* [Records provided]
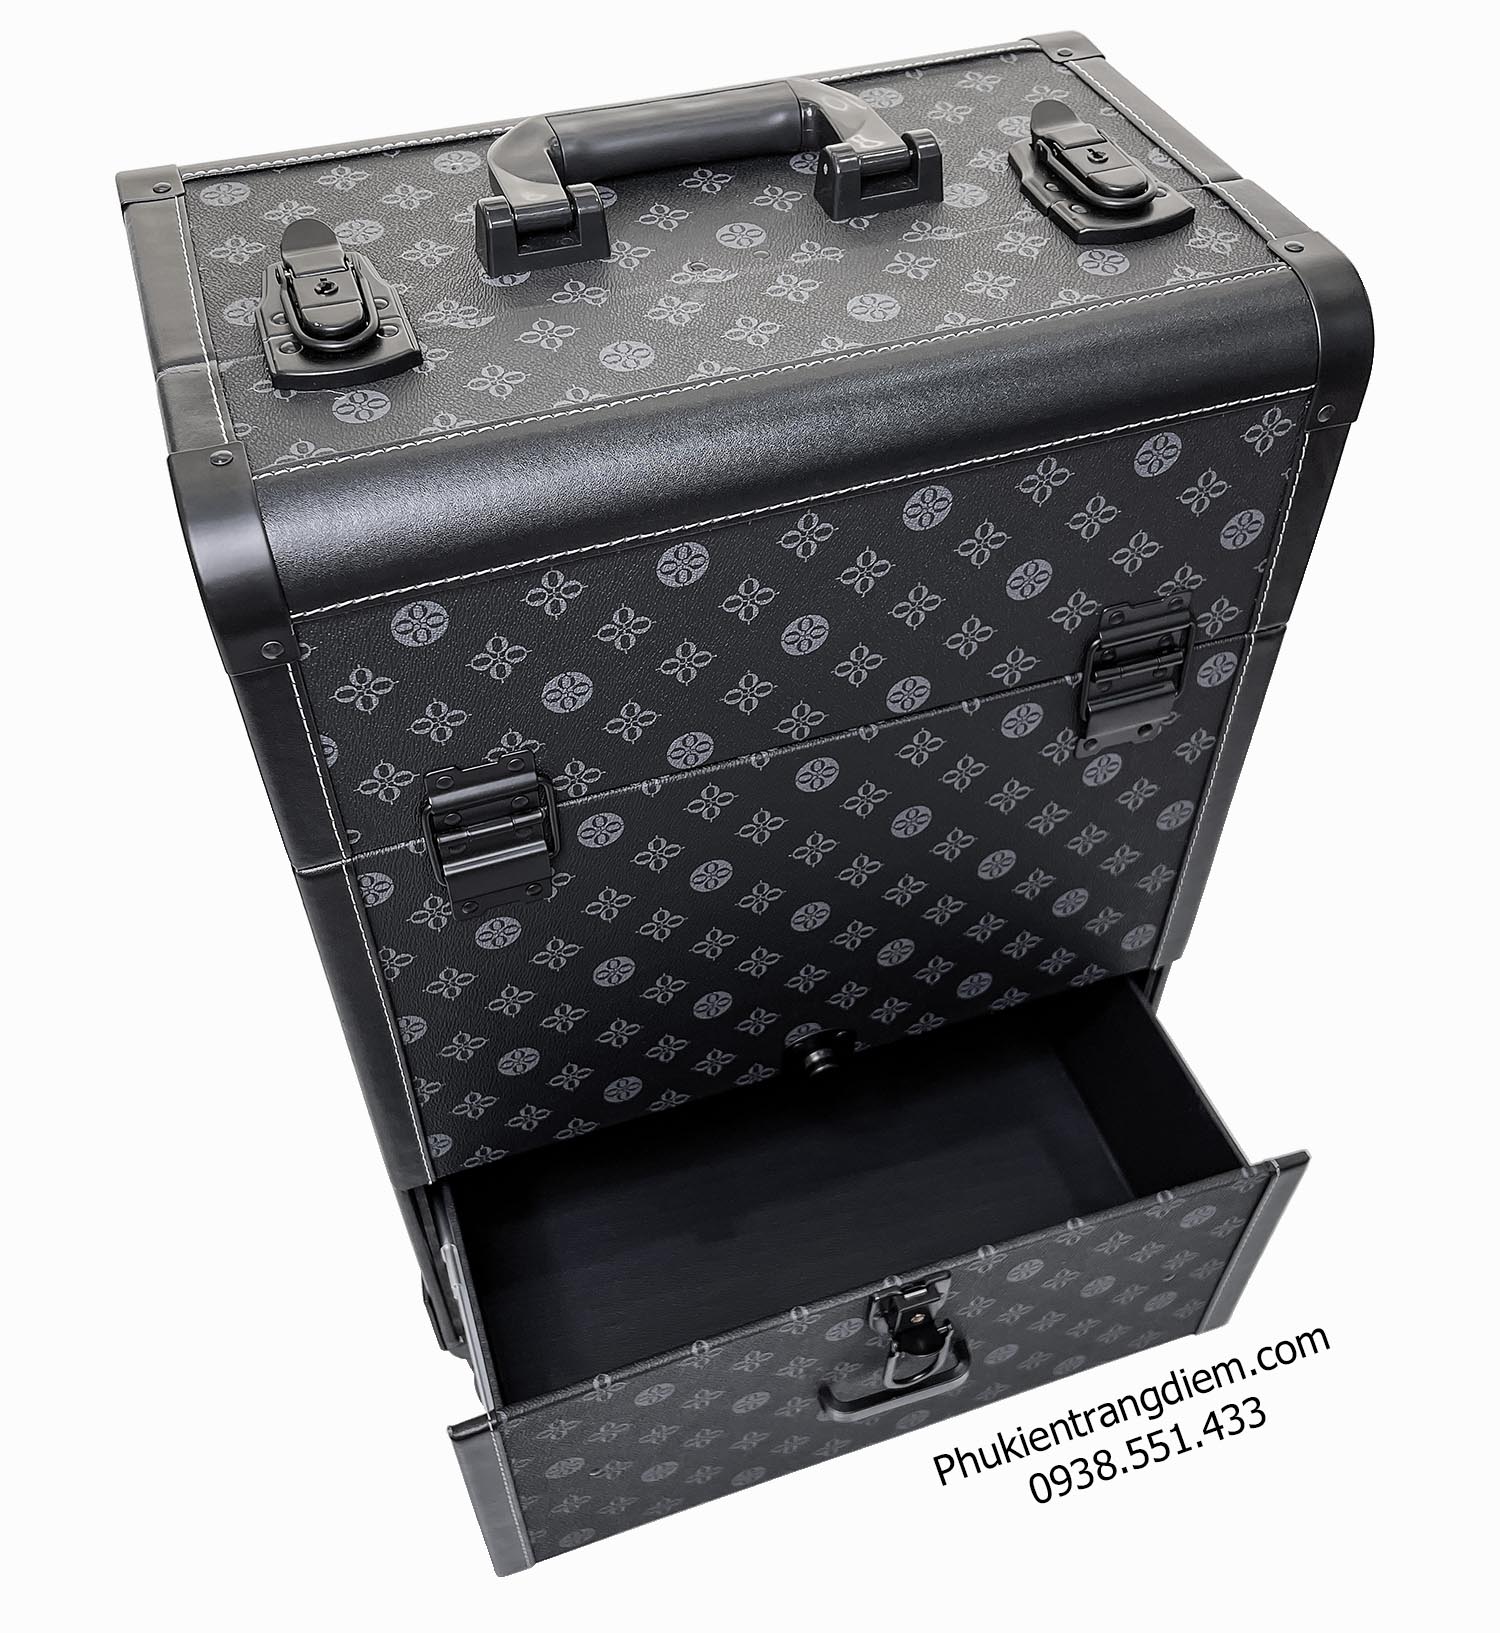 vali cốp kéo đựng đồ trang điểm chuyên nghiệp nhiều ngăn có tay kéo + bánh xe
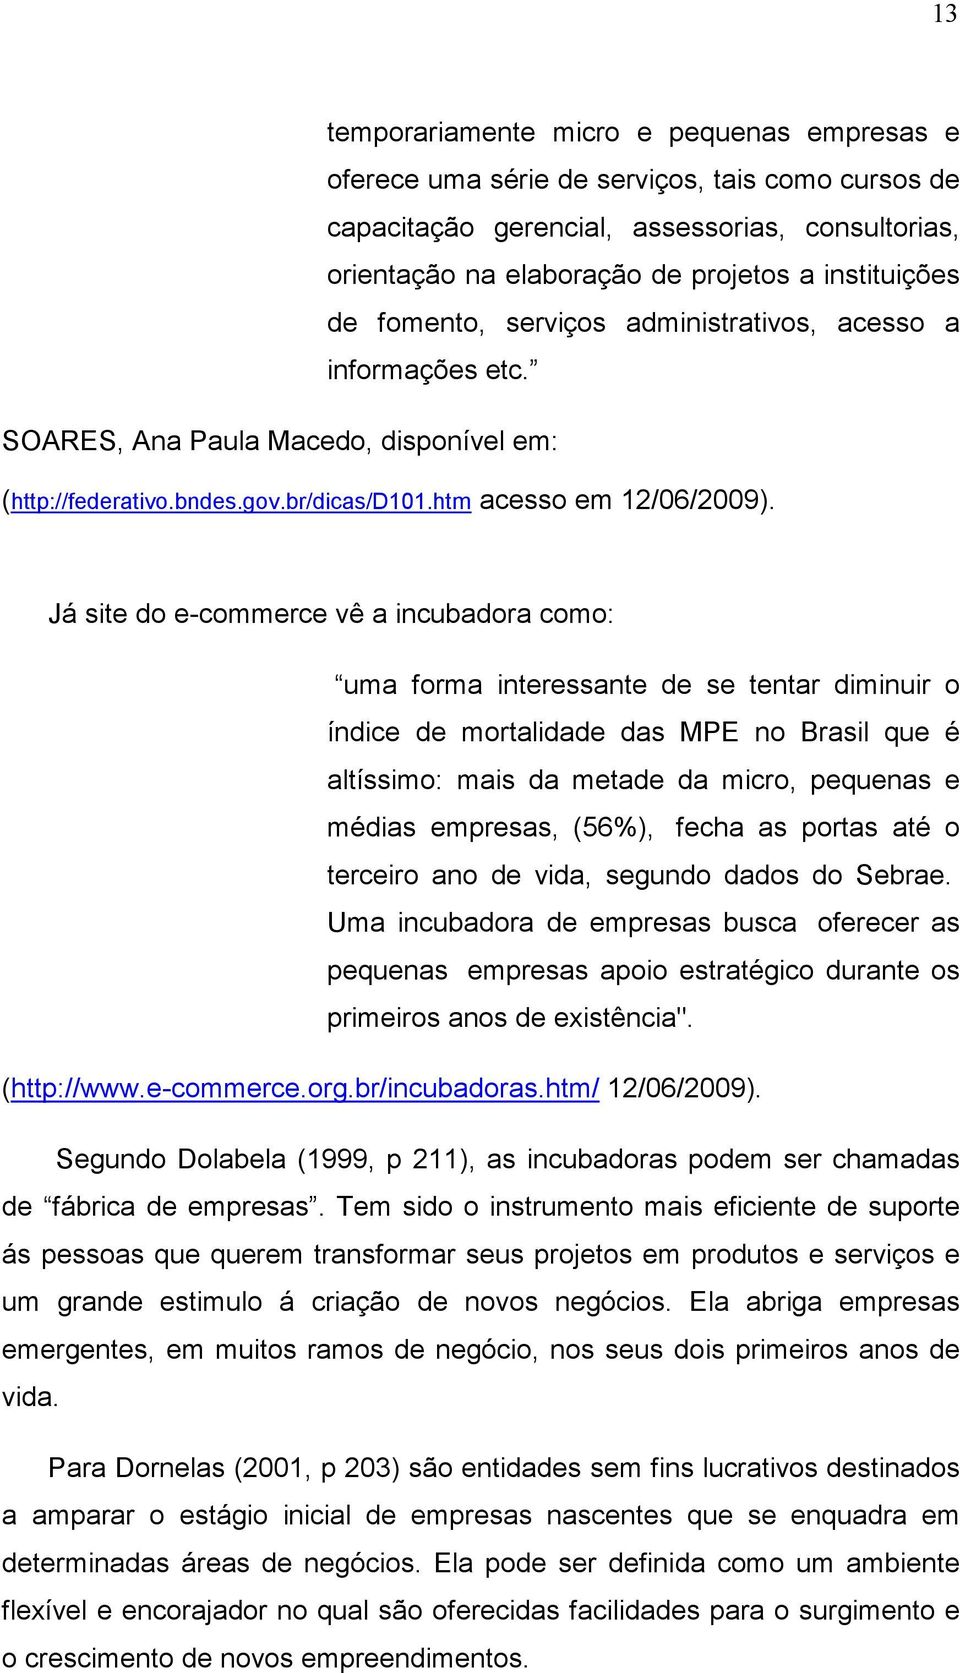 Já site do e-commerce vê a incubadora como: uma forma interessante de se tentar diminuir o índice de mortalidade das MPE no Brasil que é altíssimo: mais da metade da micro, pequenas e médias
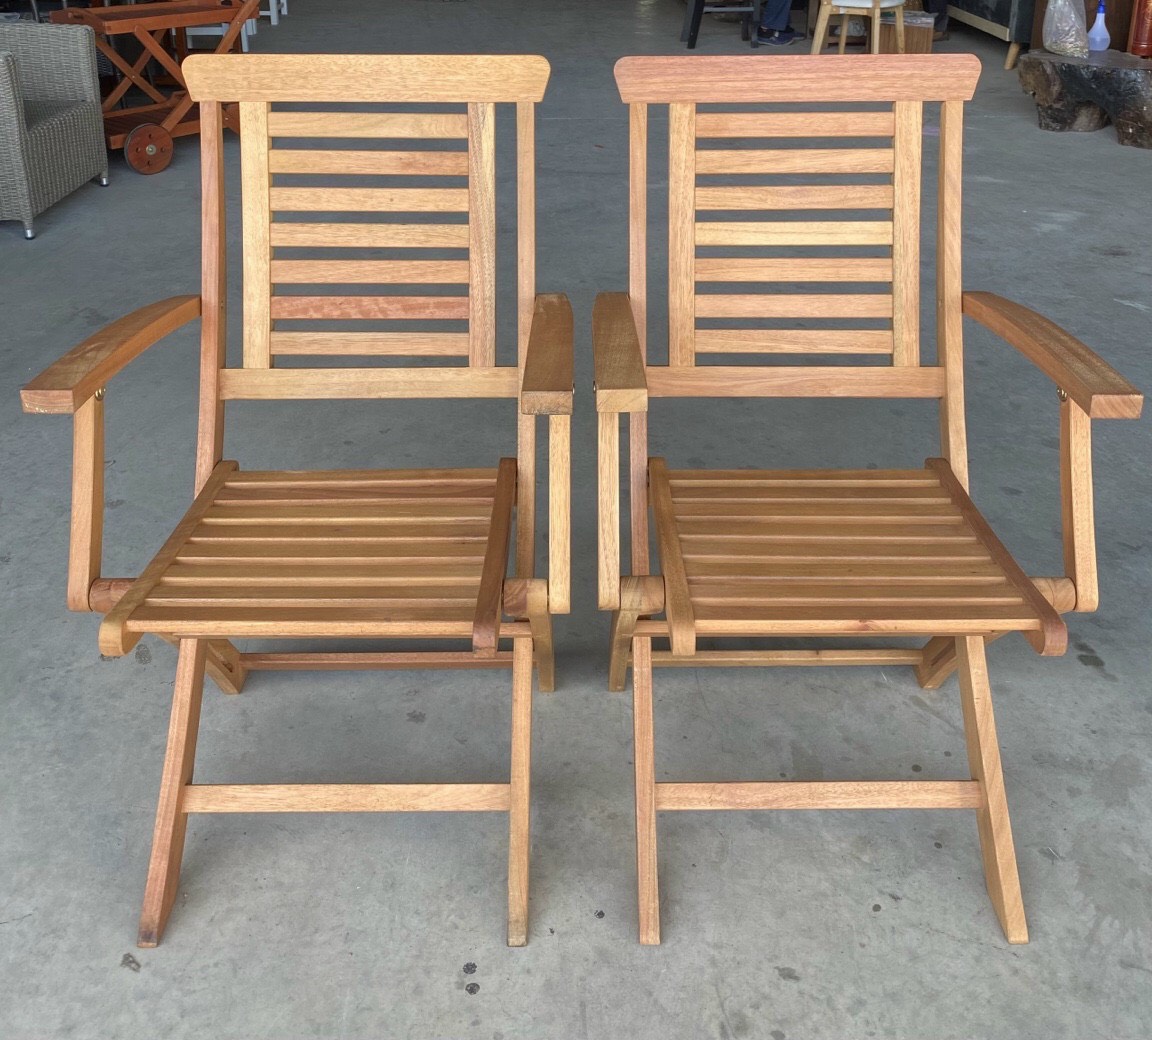 ghế xếp gỗ tràm, ghế xếp gỗ tràm có tay, ghế gỗ tràm cafe sân vườn, nơi bán ghế gỗ tràm giá rẻ
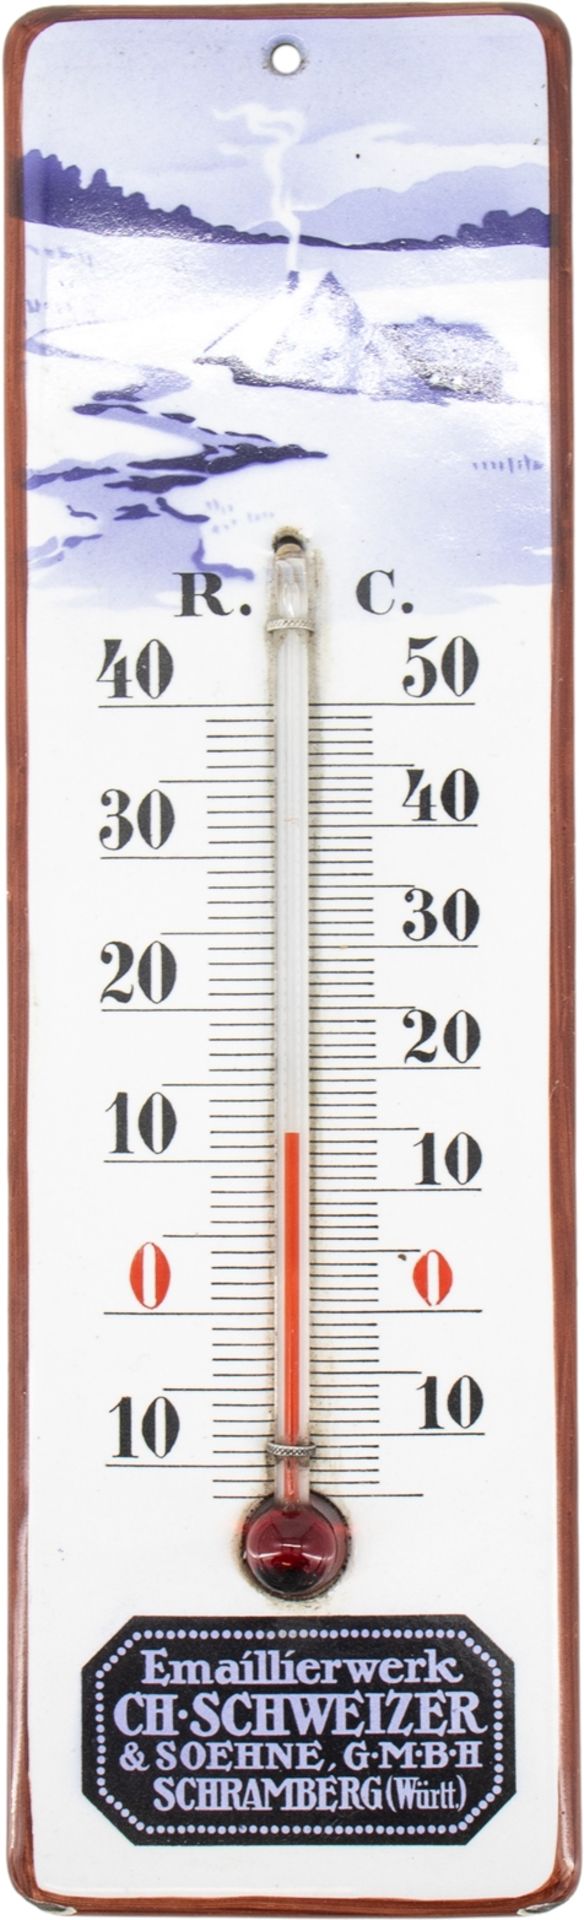 Enamel plate thermometer, Schramberger Emaillierwerke, Schweizer & Söhne, around 1930
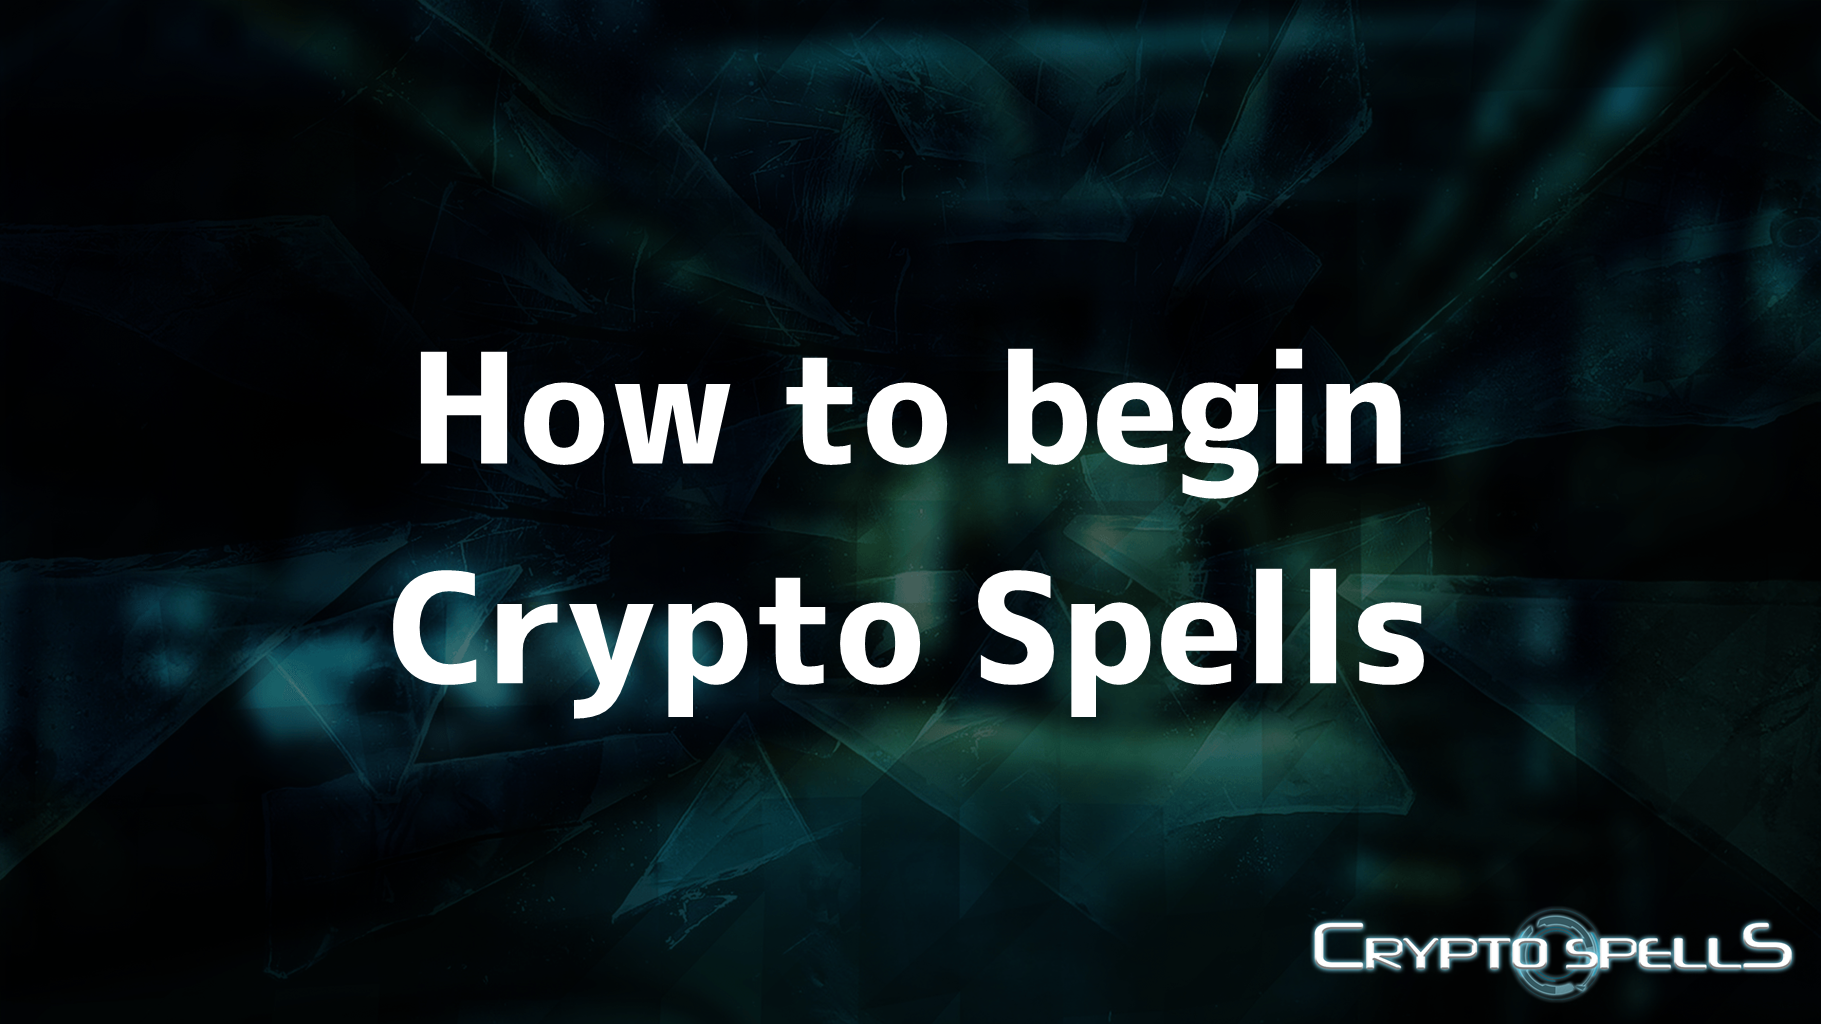 How to begin Crypto Spells - Cryptospells_en
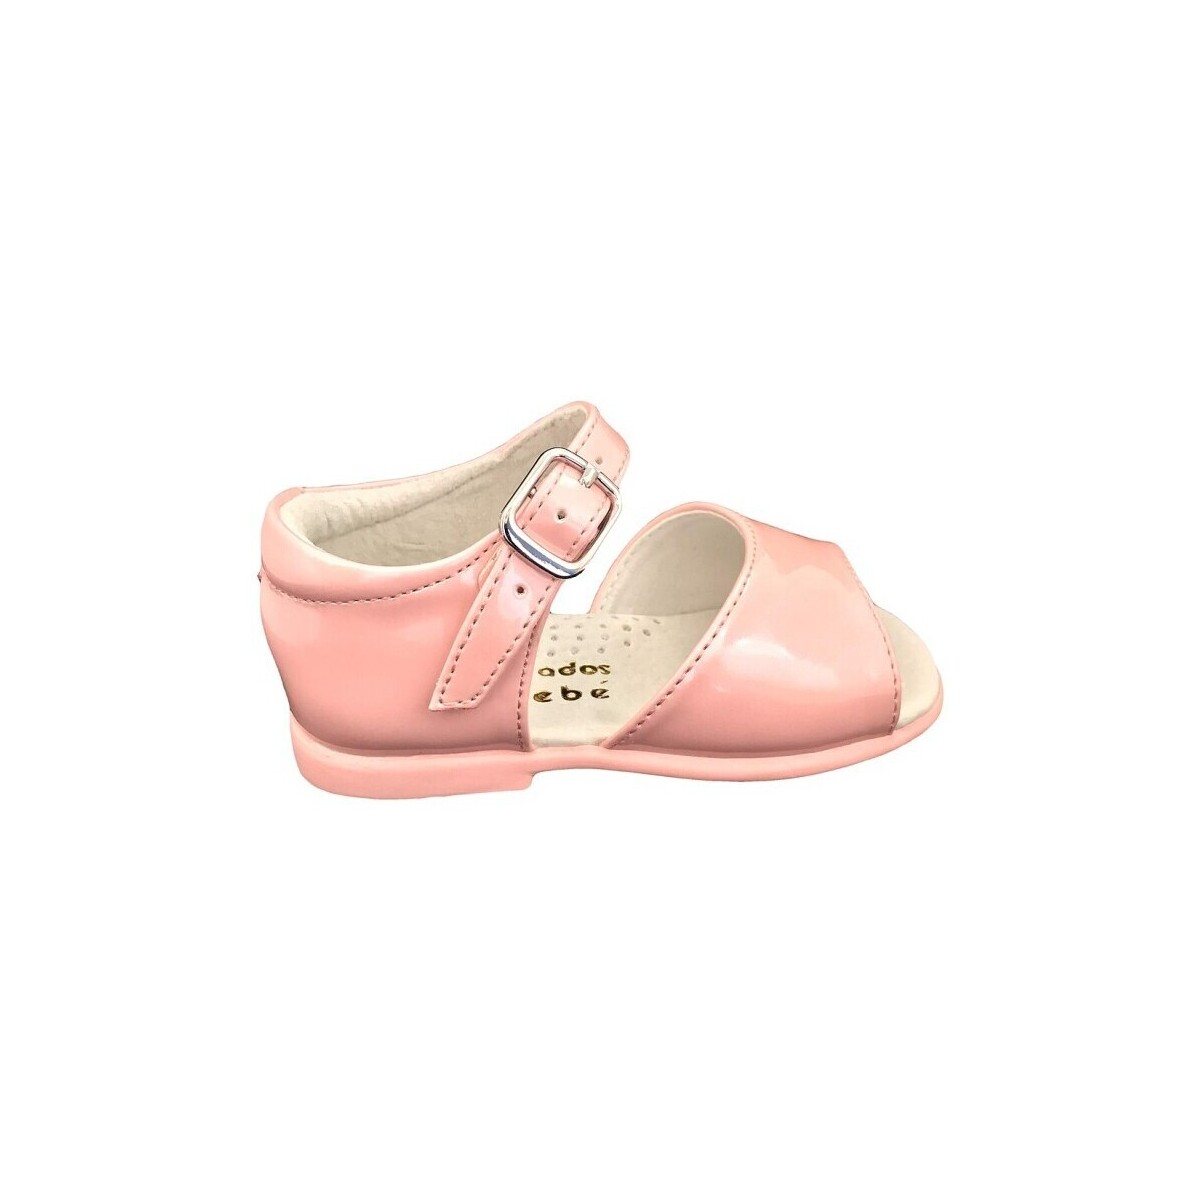 Pantofi Sandale D'bébé 24522-18 roz

* [About this task] Every line from the line containing "Enamel plate thermometer, Schramberger" through the last line above is to be printed exactly. Pictures are not copied.

* [Task solution]
 Enamel plate thermometer, Schramberger Emaillierwerke, Schweizer & Söhne, around 1930
 How to begin Crypto Spells - Cryptospells_en
 Pantofi Sandale D'bébé 24522-18 roz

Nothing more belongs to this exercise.